Figure 1.18: Warning for unmatching schema

In this recipe, we’ll create a batch macro to read each worksheet within an Excel file, even when they have a different schema.

Getting ready

We prepared a test set for you to follow along with this recipe, available at https://github.com/PacktPublishing/Alteryx-Designer-Cookbook/tree/main/ch1/Recipe3.

If you decided to use your data to try this recipe, make sure that your files have different schemas (with some fields in common so that you can see the effects of different configurations).

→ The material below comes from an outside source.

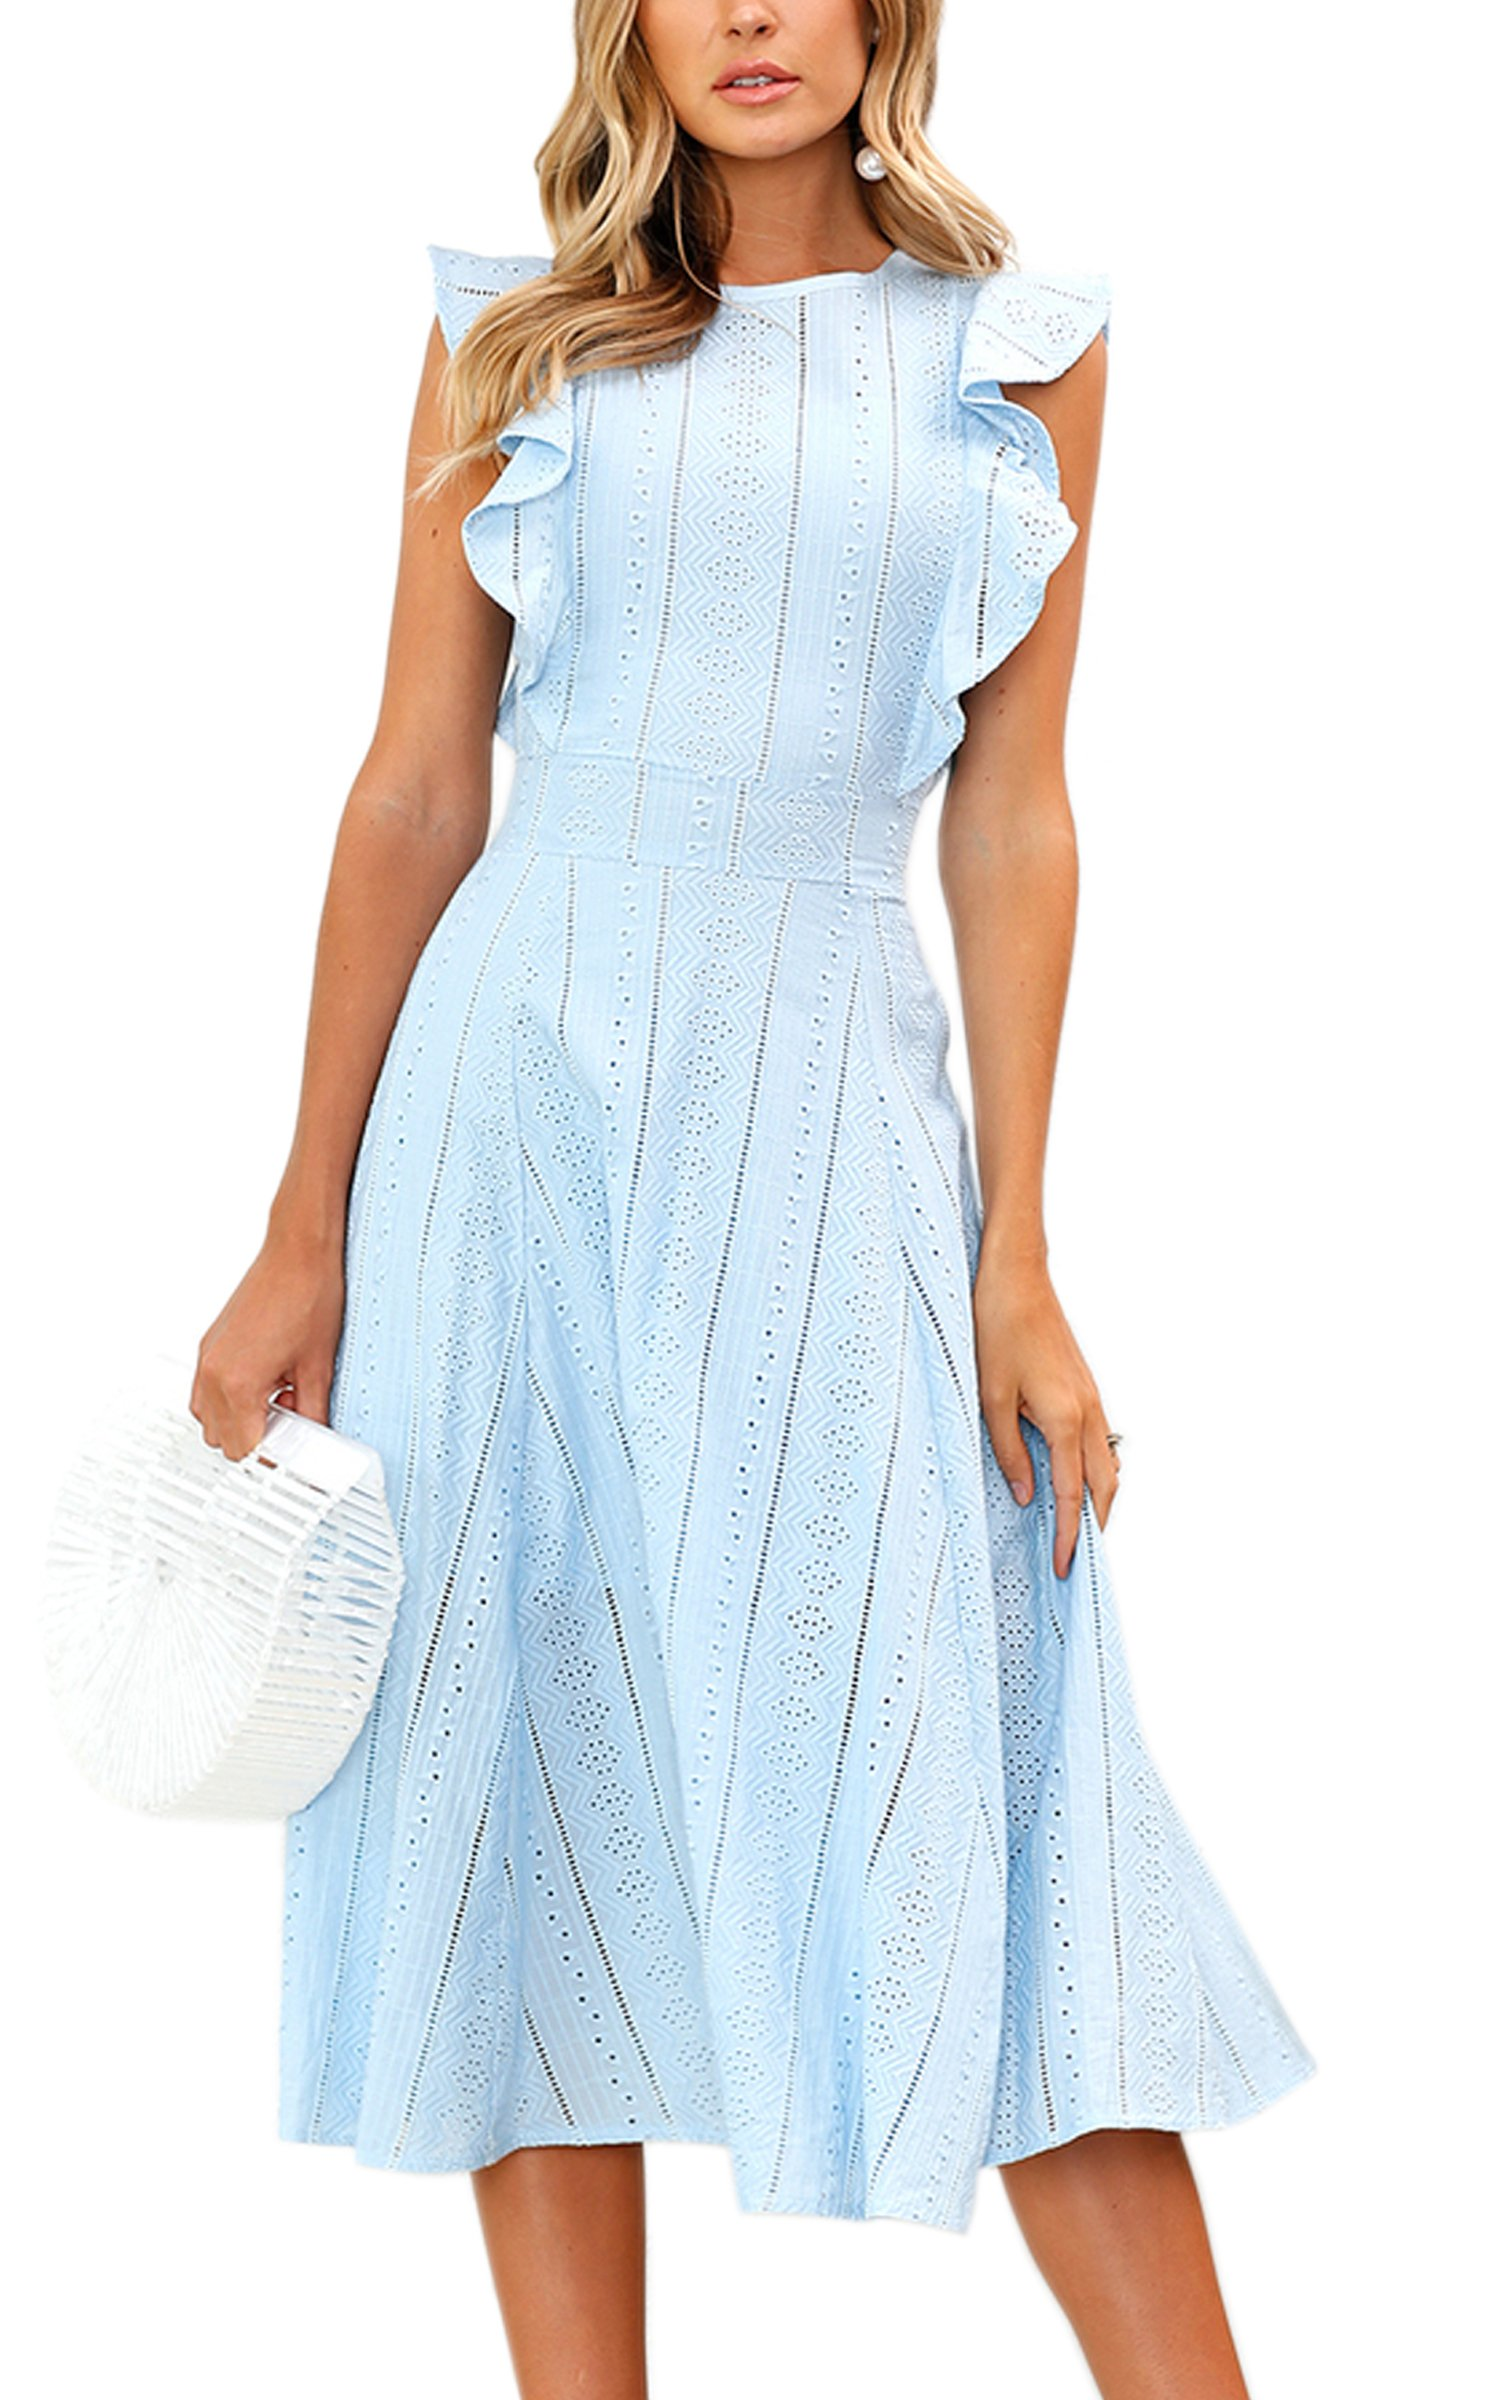 ECOWISH Womens Dresses Elegant Ruffles Cap Sleeves Summer A-Line Midi Dress Blue S

Make sure that under the Options→User Settings→Edit User Settings→Macros tab, you have at least one directory/folder set up as a macro repository (this makes it easier for Alteryx Designer to find your macros). As you can see, there can be several repositories configured, but one of them will be the default one:

Figure 1.19: Default macro repositories

How to do it…

Let’s start by creating a new workflow.Drop an Input Data tool onto your canvas and point it to the file you want to read:

Figure 1.20: Input Data tool configuration

From the Interface category, drop a Control Parameter tool onto the canvas and change its label to something meaningful (this is going to be your tool’s input anchor):

Figure 1.21: Control Parameter tool in the canvas

Once you have both tools, click and drag from the black Q connector of the Control Parameter tool and connect it to the lightning icon on top of the Input Data tool. You’ll notice that Alteryx Designer inserts an Action tool in the middle.Click on the Action tool to configure it, and select Update Input Data Tool from the Select an action type: dropdown, making sure that the Required option is selected:

Figure 1.22: Updating the action type

From the Interface category, drop a Macro Output tool and connect it to the Input Data tool output anchor (this is going to be the output anchor of your tool):

Figure 1.23: Completed macro

Open Interface Designer (from the View menu or by pressing Ctrl + Alt + D):

Figure 1.24: Interface Designer

Click on the gear icon at the left of the pop-up window so that you can access the output options:

Figure 1.25: Macro output options

Make sure that Output fields change based on macro’s configuration or data input is checked, and select Auto Configure by Name (Wait Until All Iterations Run) from the Output Mode option:

Figure 1.26: Macro output options configured

Now, save the workflow.

If you pay attention, Alteryx Designer will present you the Save dialog, pointing to the same folder you have configured as the default macro repository, and the extension of the file to be saved is .yxmc (“yx” for Alteryx; “mc” for macro).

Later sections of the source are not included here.